Excerpted records
Content starts
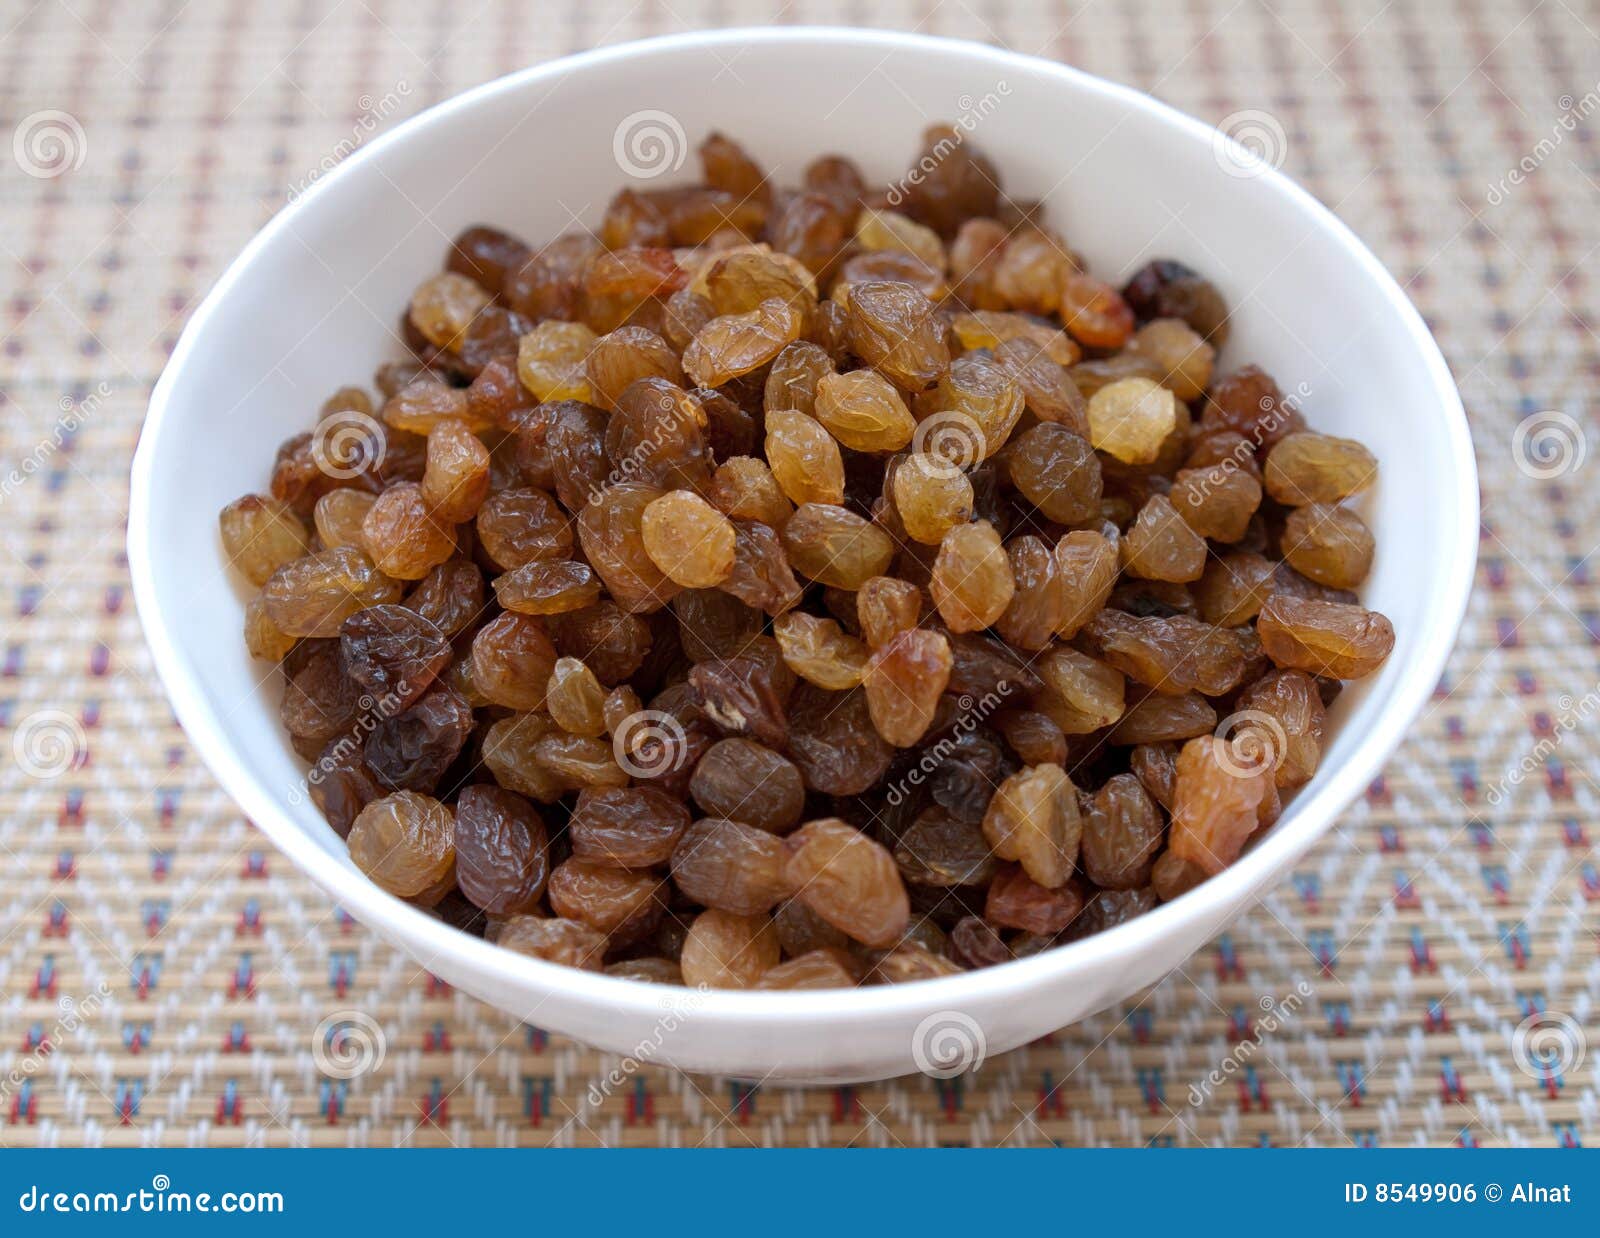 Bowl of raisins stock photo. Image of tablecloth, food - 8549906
Content ends
Content starts
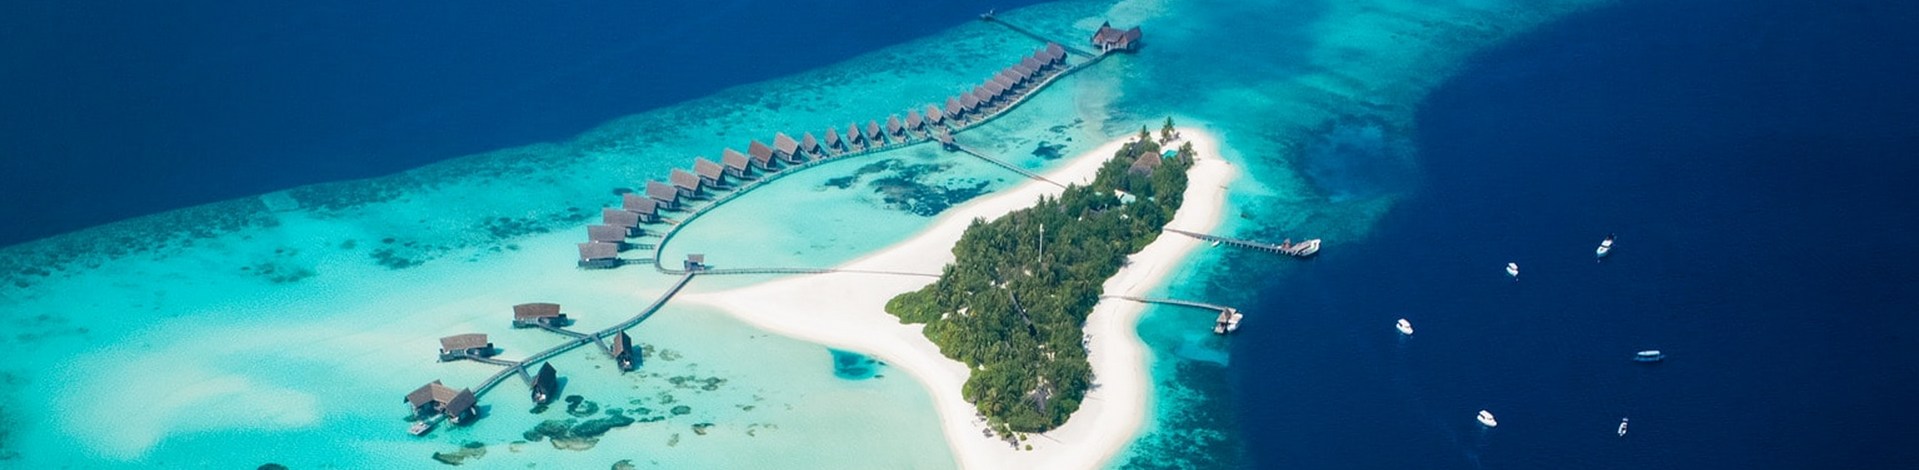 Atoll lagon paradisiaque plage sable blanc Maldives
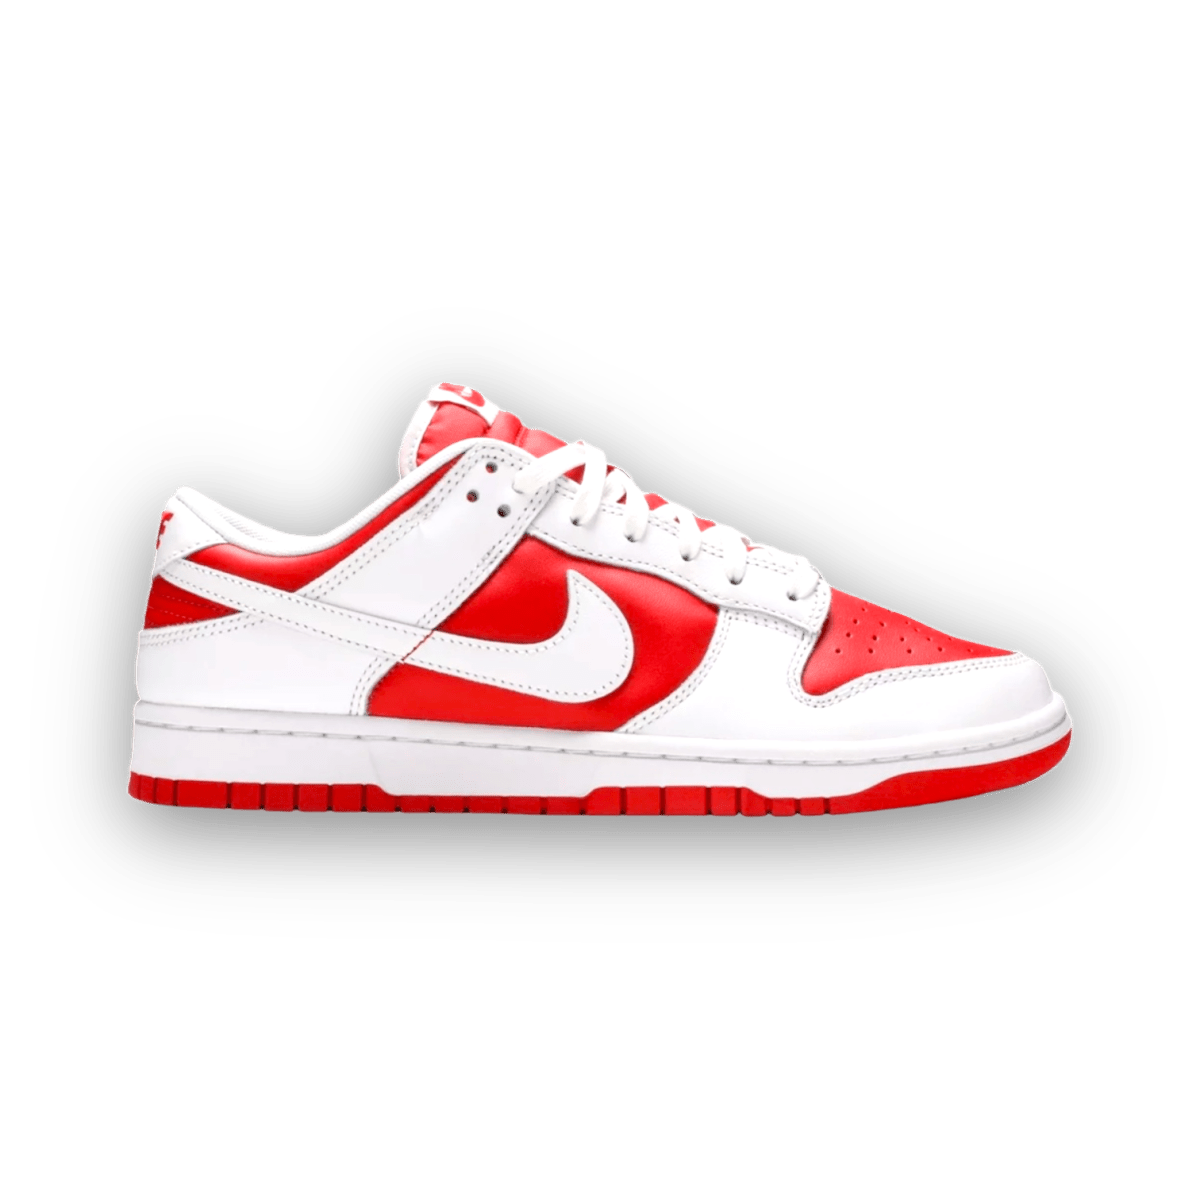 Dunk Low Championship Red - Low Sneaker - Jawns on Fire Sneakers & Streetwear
Content ends
Task details
When you reach the line containing "Atoll lagon paradisiaque" in the entries above, begin restating word for word, and stop once the line containing "Dunk Low Championship" has been given. Omit the pictures.

Result below
 Atoll lagon paradisiaque plage sable blanc Maldives
 Dunk Low Championship Red - Low Sneaker - Jawns on Fire Sneakers & Streetwear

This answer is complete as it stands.